PROBLEM
Below are records with pictures in them. Output exactly the lines from the one with "Taiwán cambios de" through the one with "Der Garten mit", both included, and leave every picture out; give only those lines.

INFORMATION

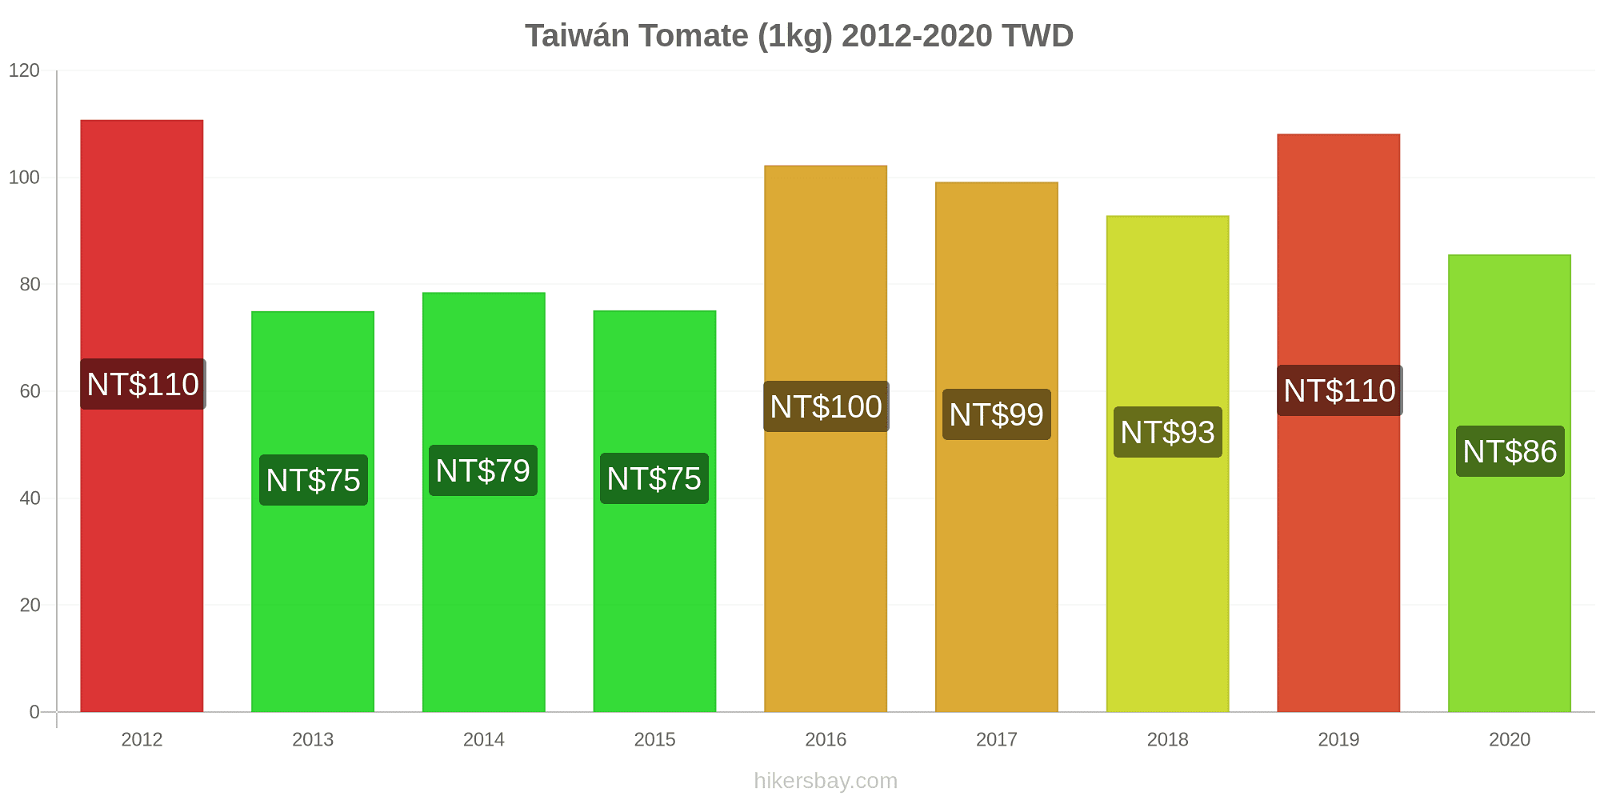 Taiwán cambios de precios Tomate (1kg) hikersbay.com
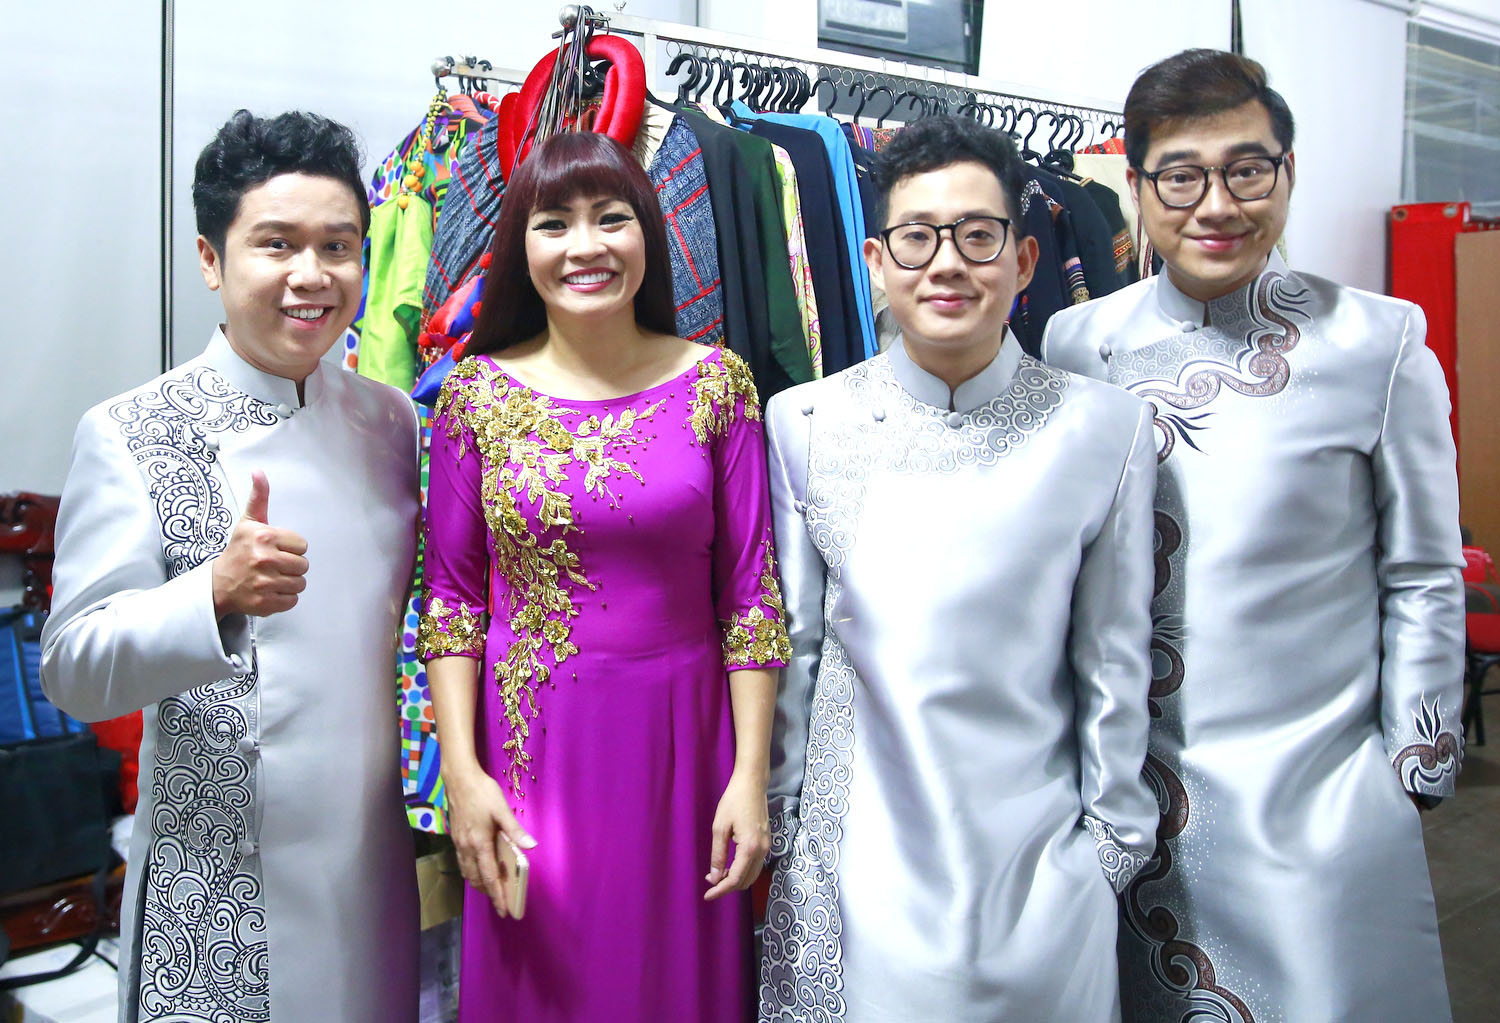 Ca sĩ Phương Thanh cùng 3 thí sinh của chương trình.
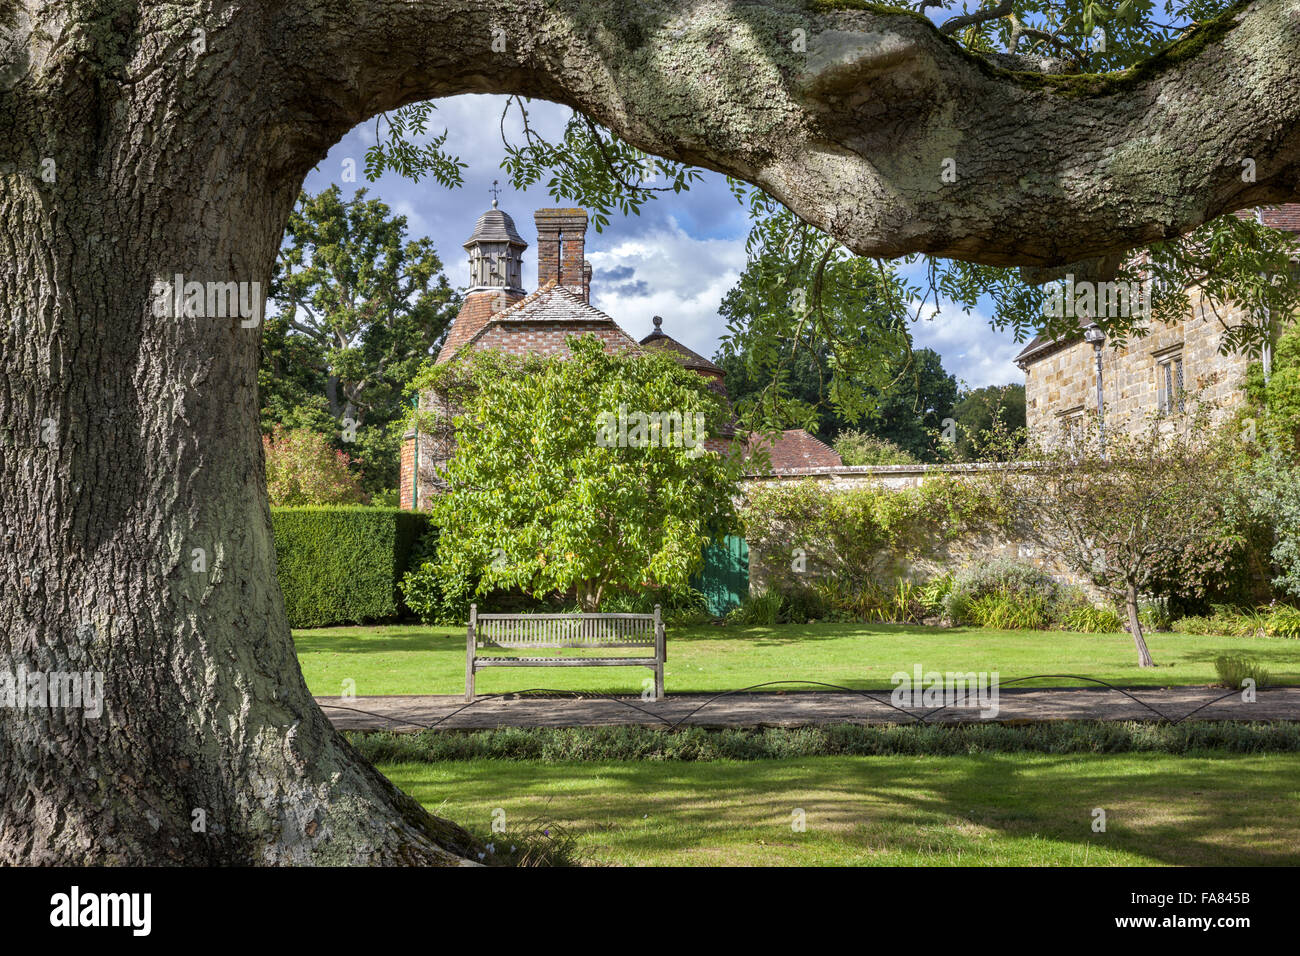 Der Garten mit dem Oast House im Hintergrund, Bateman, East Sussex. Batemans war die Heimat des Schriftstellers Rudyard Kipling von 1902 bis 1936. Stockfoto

* * *

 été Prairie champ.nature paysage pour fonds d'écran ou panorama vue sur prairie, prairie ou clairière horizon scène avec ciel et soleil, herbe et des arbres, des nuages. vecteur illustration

RESULT BELOW
 Taiwán cambios de precios Tomate (1kg) hikersbay.com
 Ca sĩ Phương Thanh cùng 3 thí sinh của chương trình.
 Der Garten mit dem Oast House im Hintergrund, Bateman, East Sussex. Batemans war die Heimat des Schriftstellers Rudyard Kipling von 1902 bis 1936. Stockfoto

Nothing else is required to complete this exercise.